The rationalisation project that saved sixty thousand pounds from ten million.
Software rationalisation projects fail at a predictable point. Not the data collection, not the team. The moment someone asks whether a tool can be replaced by something already owned.
Ten thousand software titles. Four months of dedicated effort. Sixty thousand pounds saved.
A construction company shared those numbers recently. They had run a proper rationalisation programme: external consultants, steering committees, workshops. Going in, they estimated their estate at around a thousand tools. The actual figure was ten times that. And after all of it, the savings came to sixty thousand pounds on an estate costing tens of millions a year.
The post-mortem did not point to bad data or the wrong people. It pointed to something structurally simpler. Nobody knew what any of the software actually did.
Owned by the catalogue, invisible in practice
The catalogue confirmed they owned it. The invoices confirmed they were paying for it. But the moment anyone asked the question that rationalisation depends on, "do we already own something that can do this?", the answer was always the same: we don't know.
So the decision was always the same. Tolerate it. Carry it forward. Renew it again.
This is not a failure of effort. It is the predictable result of a process trying to govern software spend without understanding what software does. SAM tools track licences and entitlement counts. They can tell you how many seats of a product you hold. They cannot tell you what that product does at a feature level, and they certainly cannot compare it against the rest of your estate. Without that intelligence, the catalogue is a list of what you own. Not a map of what you could consolidate.
Why the default is always renewal
Procurement teams are not irrational. When a renewal request lands and nobody can prove an alternative exists in the estate, approving it is the path of least resistance. The cost of a wrong rejection is immediate and visible. The cost of an unnecessary renewal is diffuse, buried in a budget line nobody owns.
So it stays. And the next cycle, it stays again. And the estate grows.
Enterprise architects face the same wall from a different angle. They can map the estate at a product level, but tracing feature-level overlap across thousands of titles is a manual process that would take months. Most rationalisation exercises rely on product category assumptions rather than actual capability comparisons. That is how you end up saving sixty thousand pounds from ten million.

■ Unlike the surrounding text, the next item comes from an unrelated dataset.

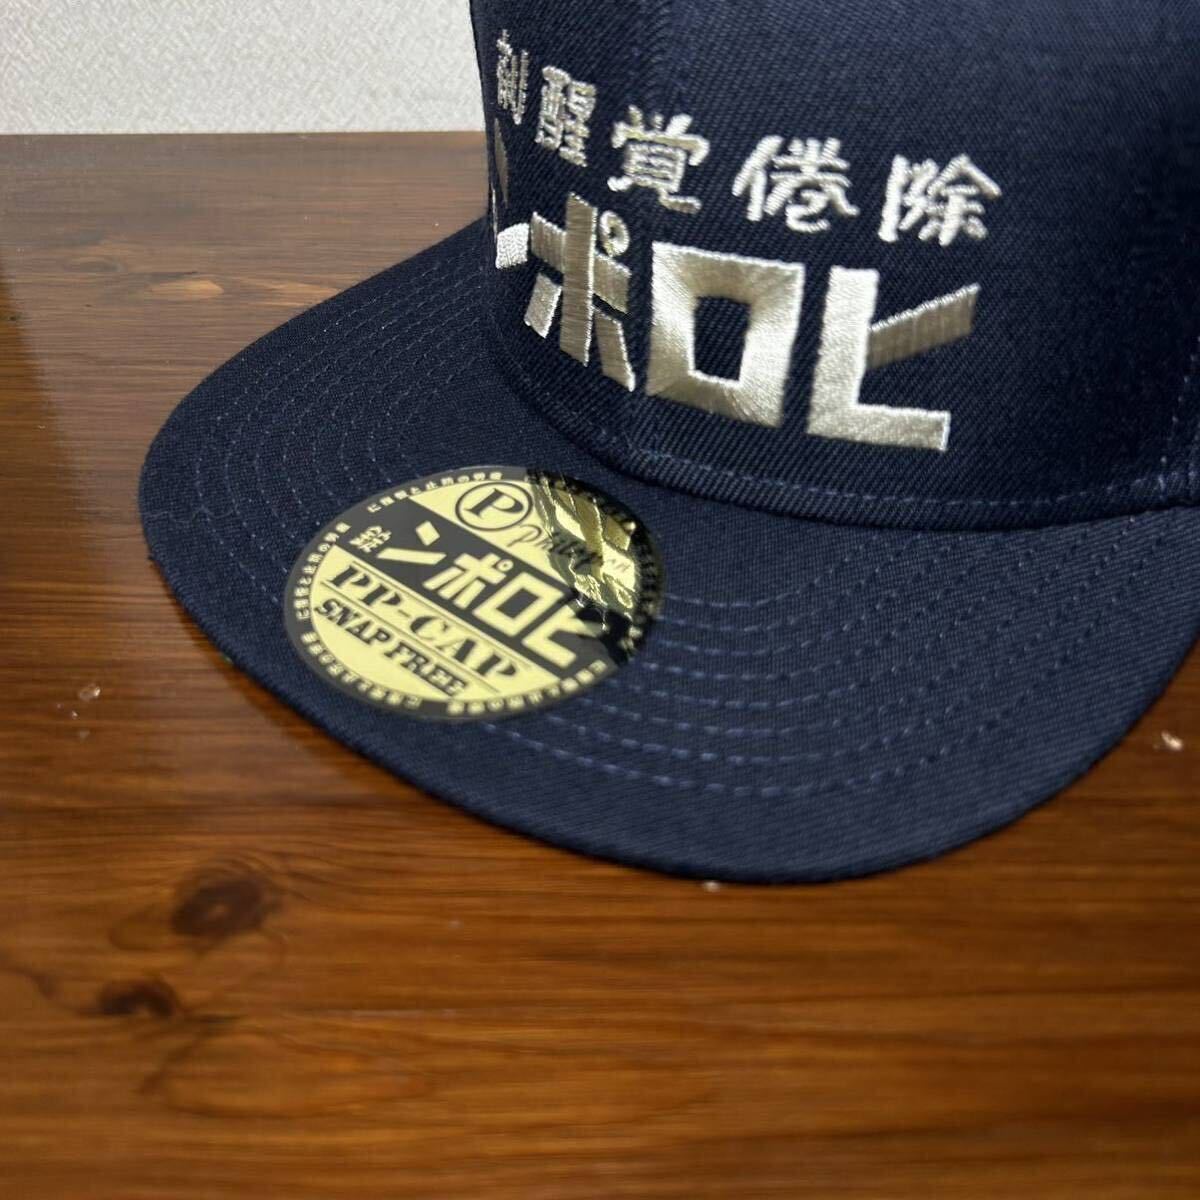 hiropon embroidery cap navy .. reverse side green 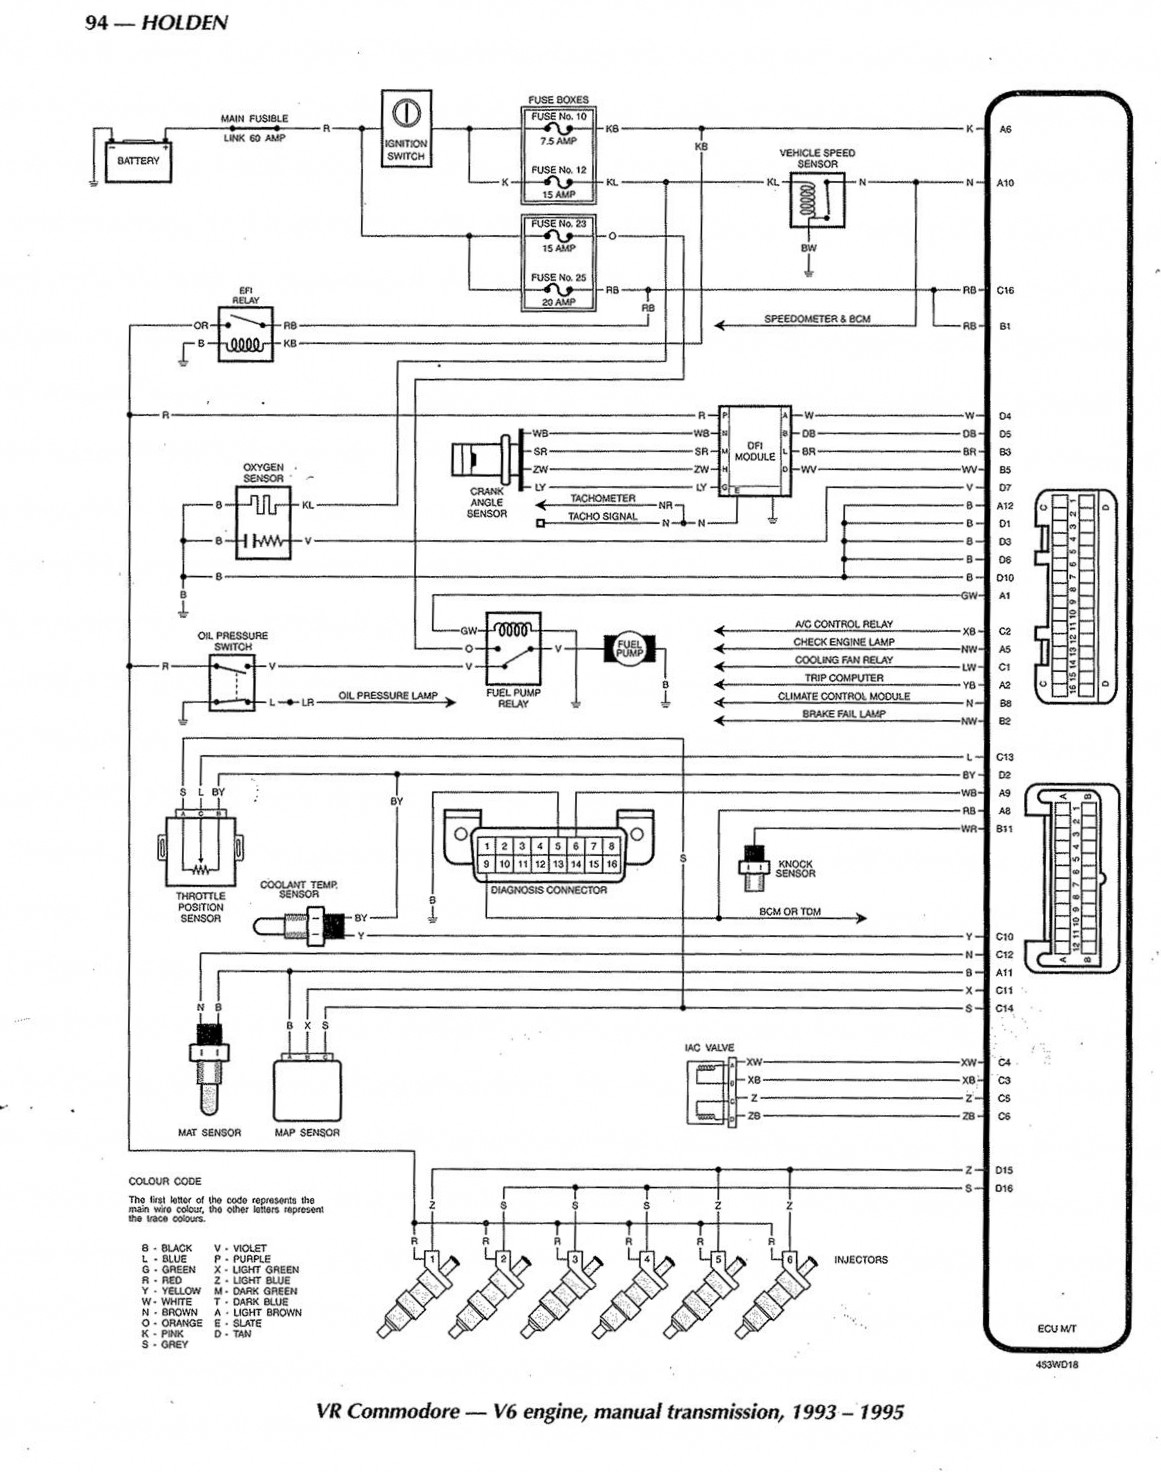 1993 VR Commodore Manual Transmission Wiring

Feature intelligence at the point of decision
The gap is not effort. It is intelligence, applied at the moment a decision is actually being made. Not in a report produced six months later. A renewal lands on a procurement desk, there is thirty days on the clock, and the question is whether the estate already covers the need. Without a system that can answer it, the renewal gets approved.
Here is what that question looks like when there is a decision layer in the workflow.
We have 340 DocuSign seats renewing at £38,000. We also have Adobe Acrobat Pro deployed across 1,200 machines estate-wide. Do we need both?
Adobe Acrobat Pro (1,200 seats, EA #7214) includes Adobe Sign at no additional cost, covering the e-signature use cases across the requesting teams. Feature overlap with DocuSign Standard is 91 per cent. Consolidating eliminates the £38,000 renewal with no functionality loss.
The evidence is sourced. The decision is auditable. And the team did not need a three-month rationalisation study to get there. This is what the decision layer does: it knows what your software does at a feature level, maps it against your full estate, and returns a sourced answer at the point of request.
What the £60,000 number actually reveals
The construction company that spent four months saving sixty thousand pounds was not unlucky. They were using the right intent with the wrong instrument. A periodic rationalisation exercise, no matter how well-resourced, will always hit the same wall: the decisions happen between the exercises, one renewal at a time, by people who do not have the intelligence to say no.
"Thanks to Samplify, we have doubled our throughput. What used to take a month now takes five to ten minutes." Ben Maudlin, SAM Lead, Cisco
At Cisco, 92 per cent of a $120 million software estate is evaluated through the platform, with $2 to $3 million a month in prevented spend. Not because the team grew, but because the intelligence improved. Every renewal request is checked. Every new purchase is compared against what already exists. Feature overlap is surfaced before the budget is committed, not discovered in a post-mortem two years later.
The estates that achieve meaningful savings do not do it with better spreadsheets or longer stakeholder lists. They do it because they can answer the question the catalogue never could: do we already own something that does this?
If your last rationalisation effort returned less than it cost to run, the case for a different approach is straightforward.